At no point did this feel like a meeting between the best team in the country and a team that just barely qualified for the NCAA tournament. This was a heavyweight fight chock full of haymakers, and a game that none of us will forget any time soon.
But the best part is this was merely the appetizer.
Perhaps it was the most delicious appetizer of all-time, but because Gonzaga got the W, now we get the Monday night entree between Gonzaga and Baylor.
And, friends, that steak has been dry aging for four full months. It is going to be all sorts of scrumptious.
Jalen SuggsMichael Conroy/Associated Press
In case you’ve somehow both forgotten and missed all of the reminders over the past few weeks, Baylor and Gonzaga were scheduled to square off on the afternoon of Dec. 5. Unfortunately, that game was postponed just a few hours before tipoff because of COVID-19 issues within the Gonzaga program.
Ever since that day, this game has constantly felt like the one that got away.
Gonzaga is still undefeated, now just 40 (or 45, or 50) minutes away from becoming the first undefeated men’s college basketball team since the 1975-76 Indiana Hoosiers. And Baylor was the most recent team to lose that undefeated status, making it all the way until Feb. 27 before suffering its first loss.
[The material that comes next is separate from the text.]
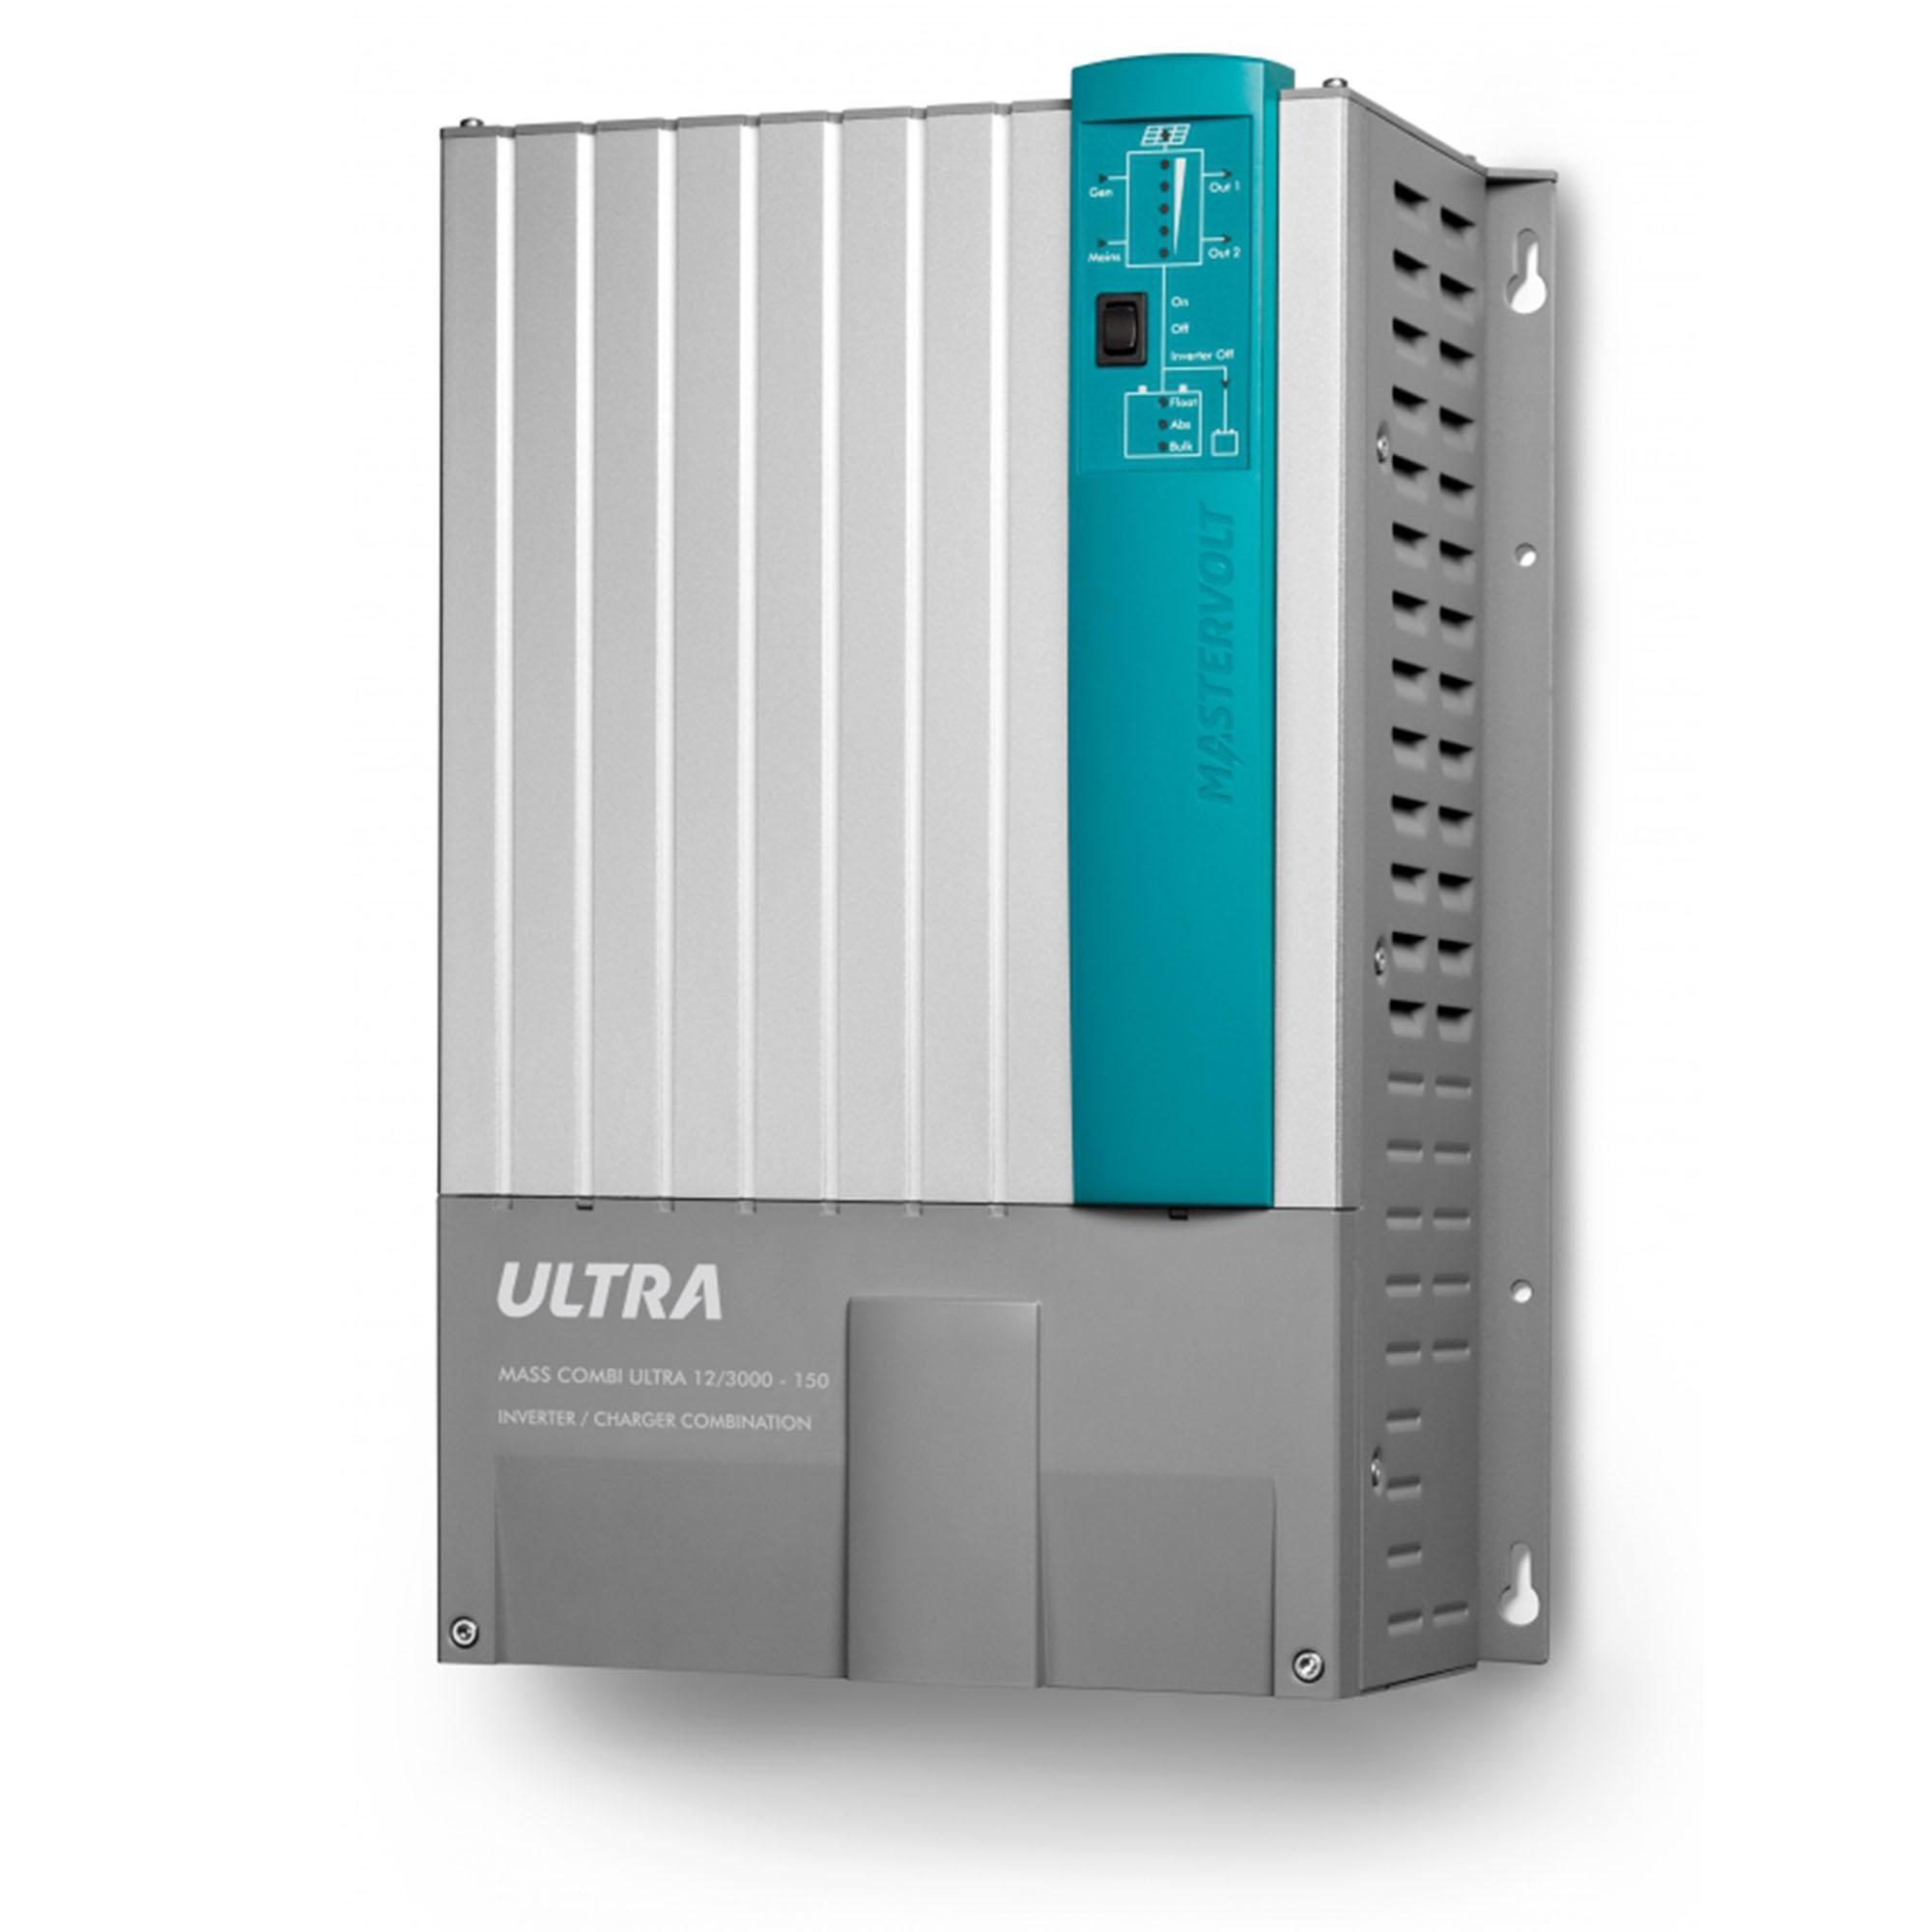 Electric Generator Ultra Simple Ac Igbt Welder Schematic Manufacturers In Lulusoso

Even if they had never been scheduled to face each other, there would have been a palpable, mounting anticipation for a potential national championship clash.
Because they were scheduled to square off and it got taken away from us, it often felt like the only acceptable end to this tournament would be the rematch of the game that never happened.
Would we have enjoyed a UCLA-Baylor national championship? Absolutely. Either the Bruins would have become the unlikeliest national champion in the history of the sport or Scott Drew would have polished off an incredible 18-year turnaround with that Bears program.
But Gonzaga-Baylor is the ideal ending to the first NCAA tournament in two years.
“I think we match up pretty well,” said Baylor’s Jared Butler about a possible matchup with Gonzaga. “They’ve got pros. We’ve got pros. They win a lot of games. We win a lot of games. I think we match up well.”
Preseason No. 1 vs. preseason No. 2 for all the marbles.
One of these programs will be winning its first ever national championship.
Let’s see if it can possibly live up to the hype.
That Suggs buzzer-beater sure set the bar high.